- Opening Delimiter -

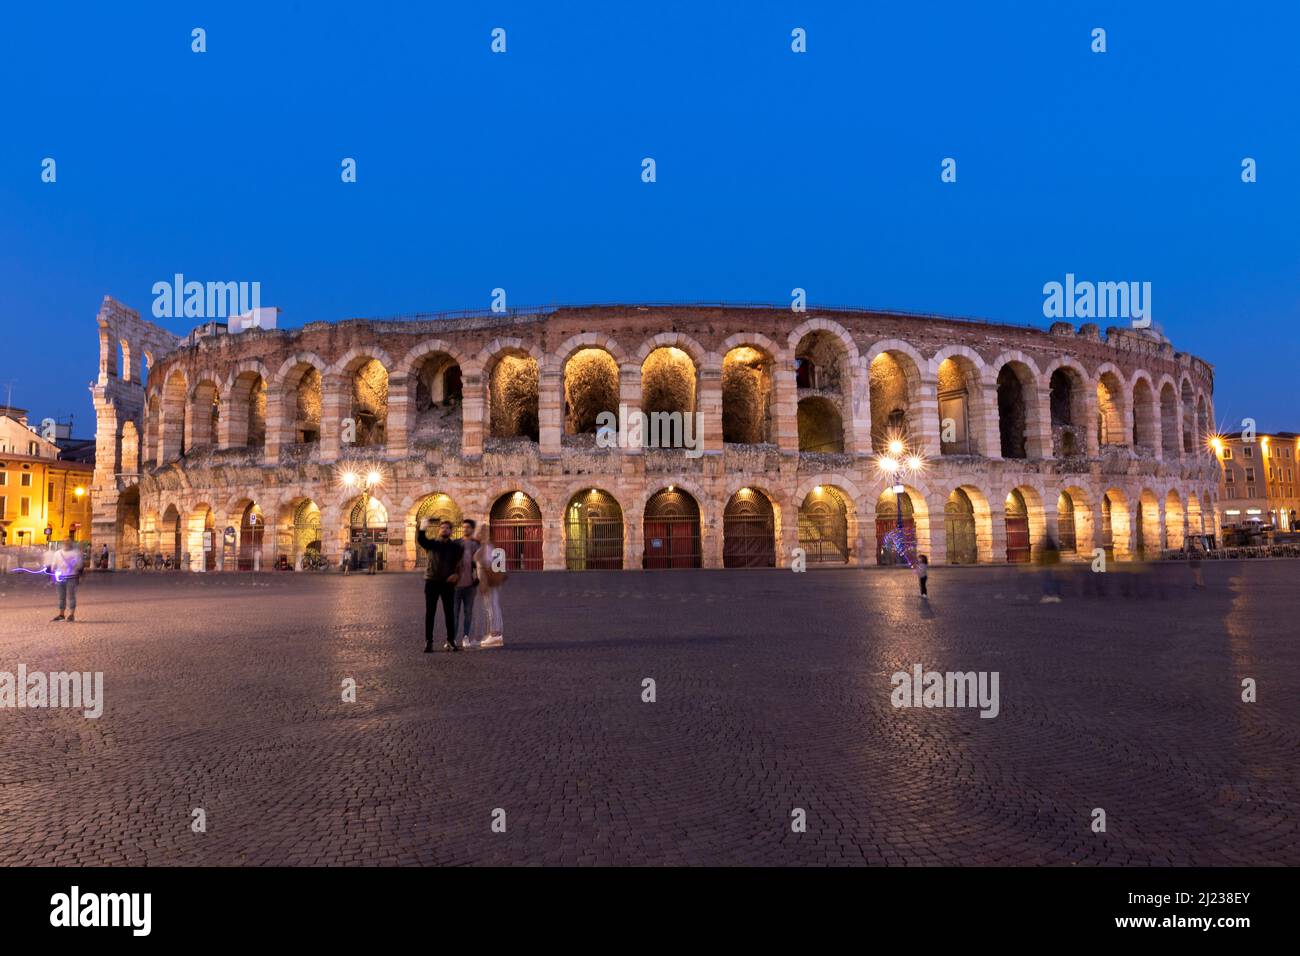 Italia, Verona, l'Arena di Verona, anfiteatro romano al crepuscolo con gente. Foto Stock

- Closing Delimiter -
- Opening Delimiter -

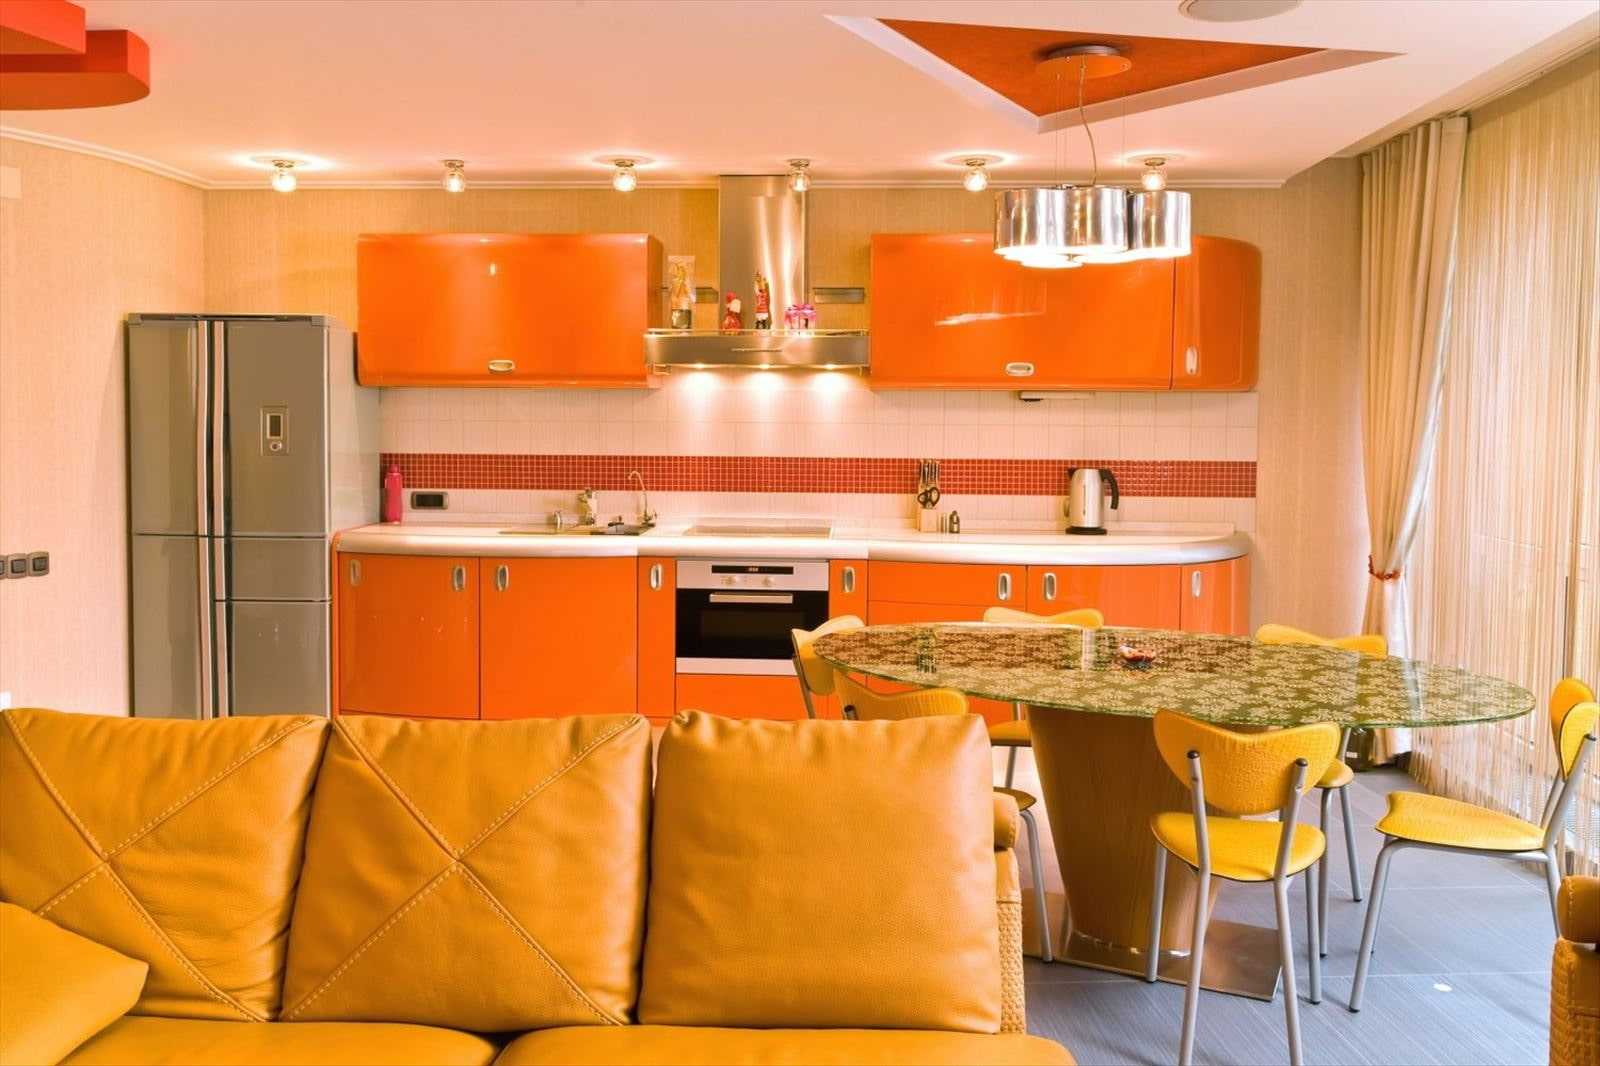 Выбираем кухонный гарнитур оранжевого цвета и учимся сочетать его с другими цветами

- Closing Delimiter -
- Opening Delimiter -

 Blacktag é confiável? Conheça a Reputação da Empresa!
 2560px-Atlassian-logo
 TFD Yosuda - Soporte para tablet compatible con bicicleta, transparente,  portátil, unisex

- Closing Delimiter -

Copy out the range of lines above starting at the line with "Blacktag é confiável?" and ending at the line with "TFD Yosuda - Soporte", exactly and including both.

 Blacktag é confiável? Conheça a Reputação da Empresa!
 2560px-Atlassian-logo
 TFD Yosuda - Soporte para tablet compatible con bicicleta, transparente,  portátil, unisex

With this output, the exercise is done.